Protective-forest management – 49 per cent of Swiss forests, or some 585,000 hectares, perform a protective function – is highly cost-effective: tending one hectare of protective forest costs around CHF 40,000 over a century, against CHF 1 million for an avalanche barrier of equivalent effect. Twenty-five times more. The economic benefit of Switzerland's protective forest is estimated at CHF 4 billion a year, while public authorities invest some CHF 150 million annually.

The area of forest reserves was expanded over the past decade from 5 to 7 per cent of the forested area – with a 2030 target of 10 per cent. Biodiversity is developing cautiously positively, above all thanks to increasing deadwood. Yet 13 per cent of forest plants and almost half of all wood-dwelling beetle species remain threatened.

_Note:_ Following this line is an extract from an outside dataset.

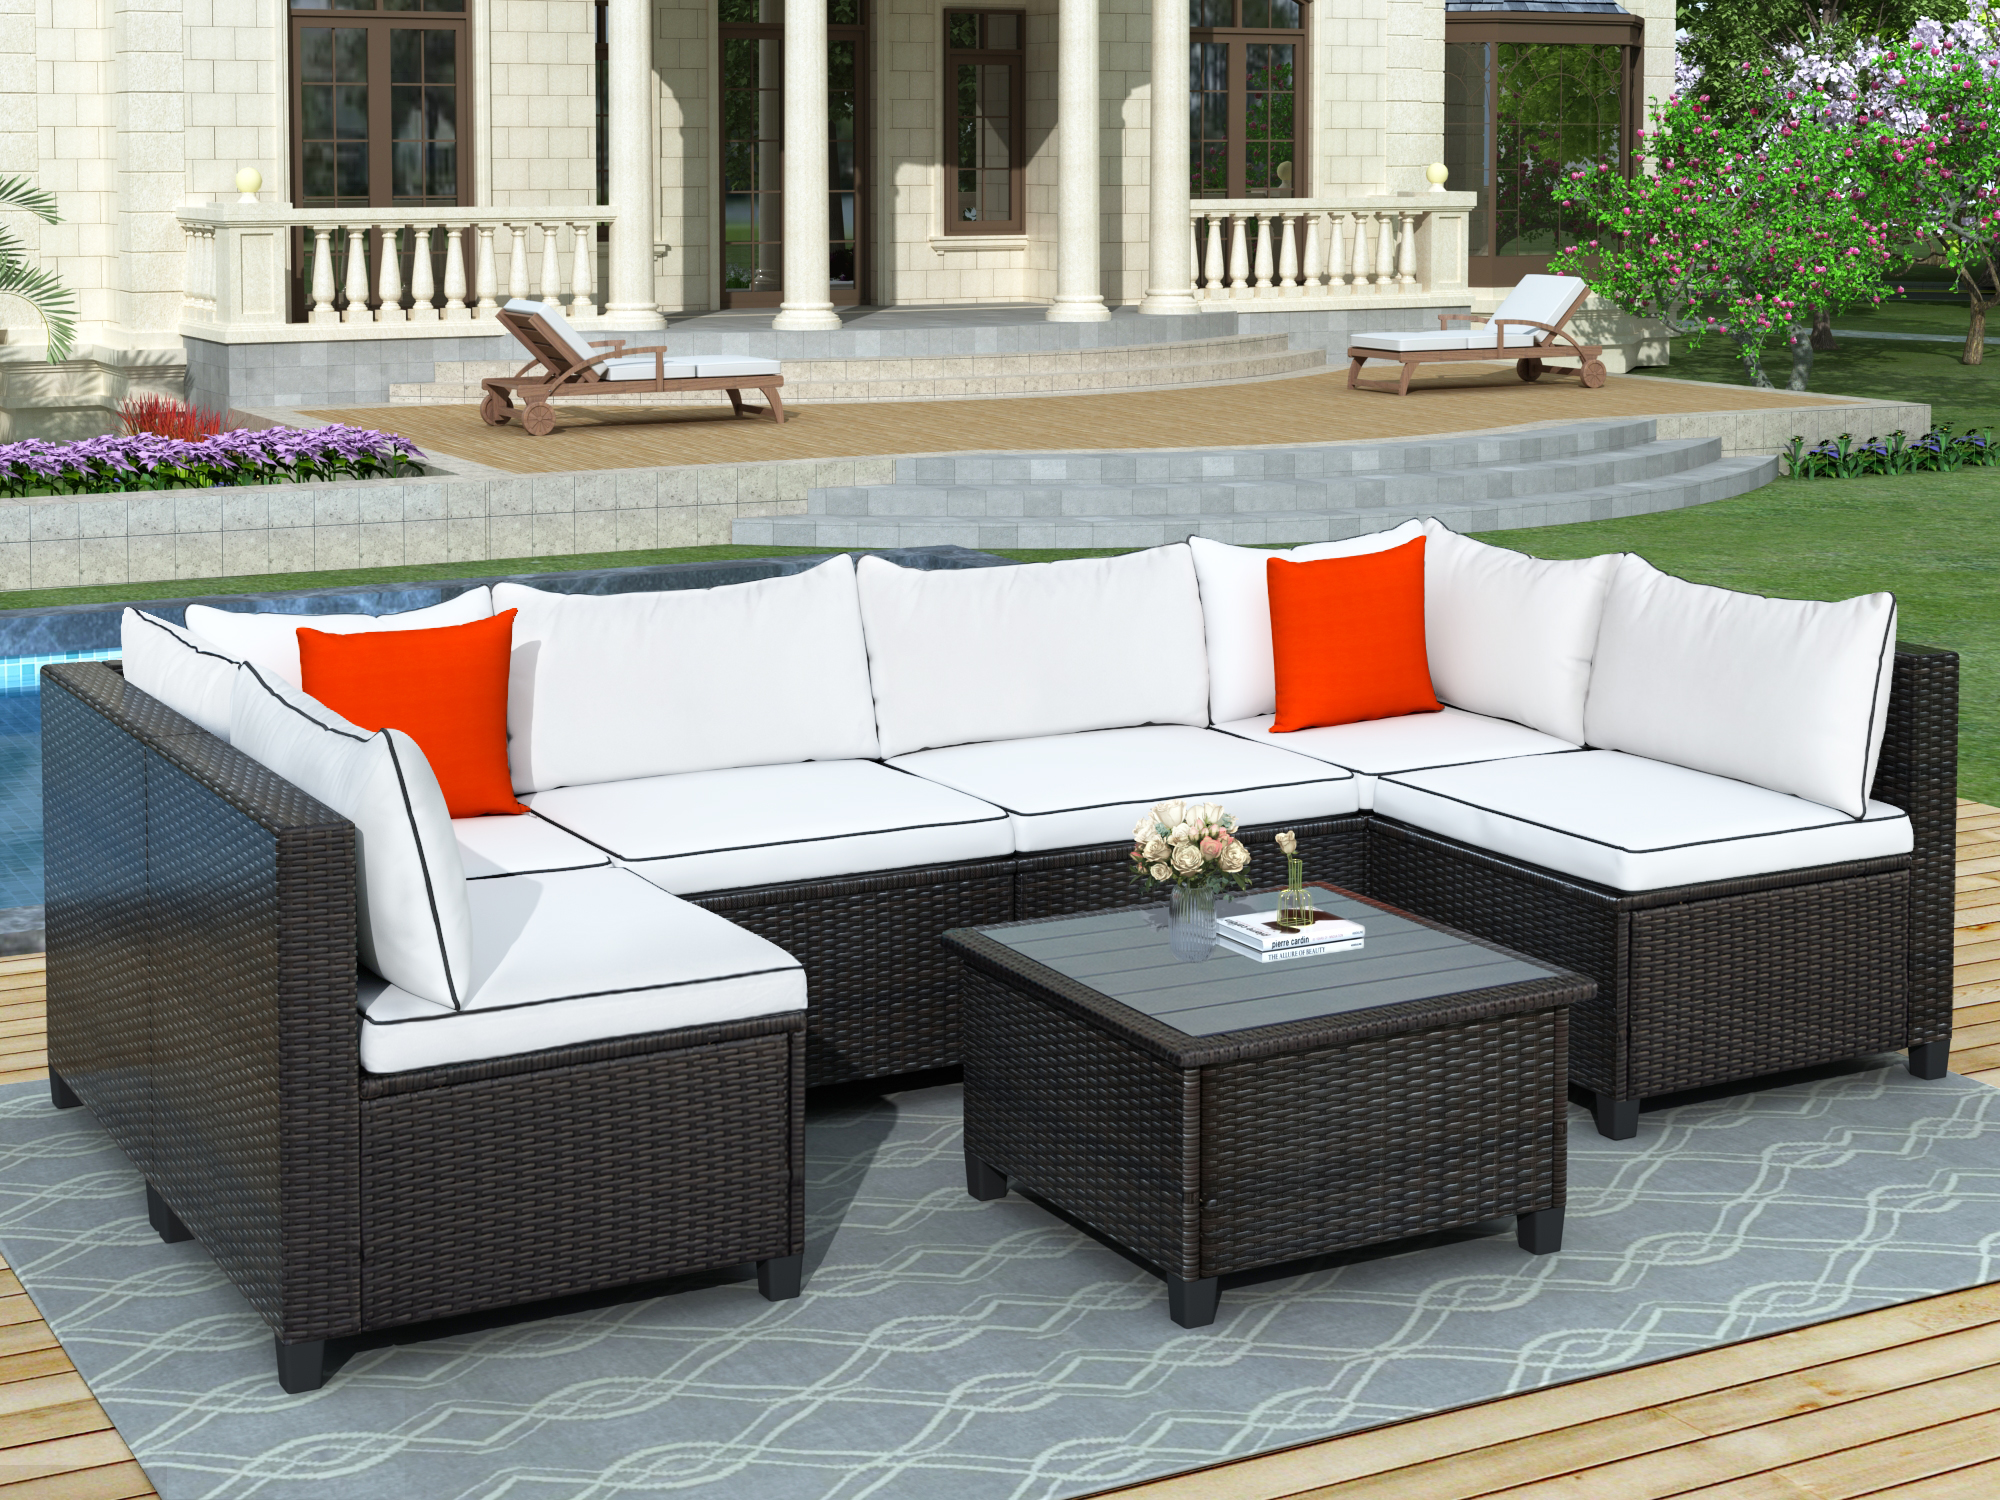 7-Piece Patio Furniture Sets on Sale, SEGMART 7-Piece Wicker Patio Conversation Furniture Set w/ Seat Cushions & wood Coffee Table, Wicker Sofa Sets for Porch Poolside Backyard Garden, S9078 - image 2 of 8

Conclusion: A Generational Task

The Swiss forest is "under pressure as never before," writes the FOEN. The WSL calls the forest's adaptive capacity the country's greatest forestry challenge. One fact stands out: climate change is already transforming the Swiss forest today. Drought, heat, storms, pests and fires place many stands under mounting pressure. At the same time, there is no simple list of "winners" and "losers": whether a tree thrives in future always depends, too, on the site, the soil and local climate development.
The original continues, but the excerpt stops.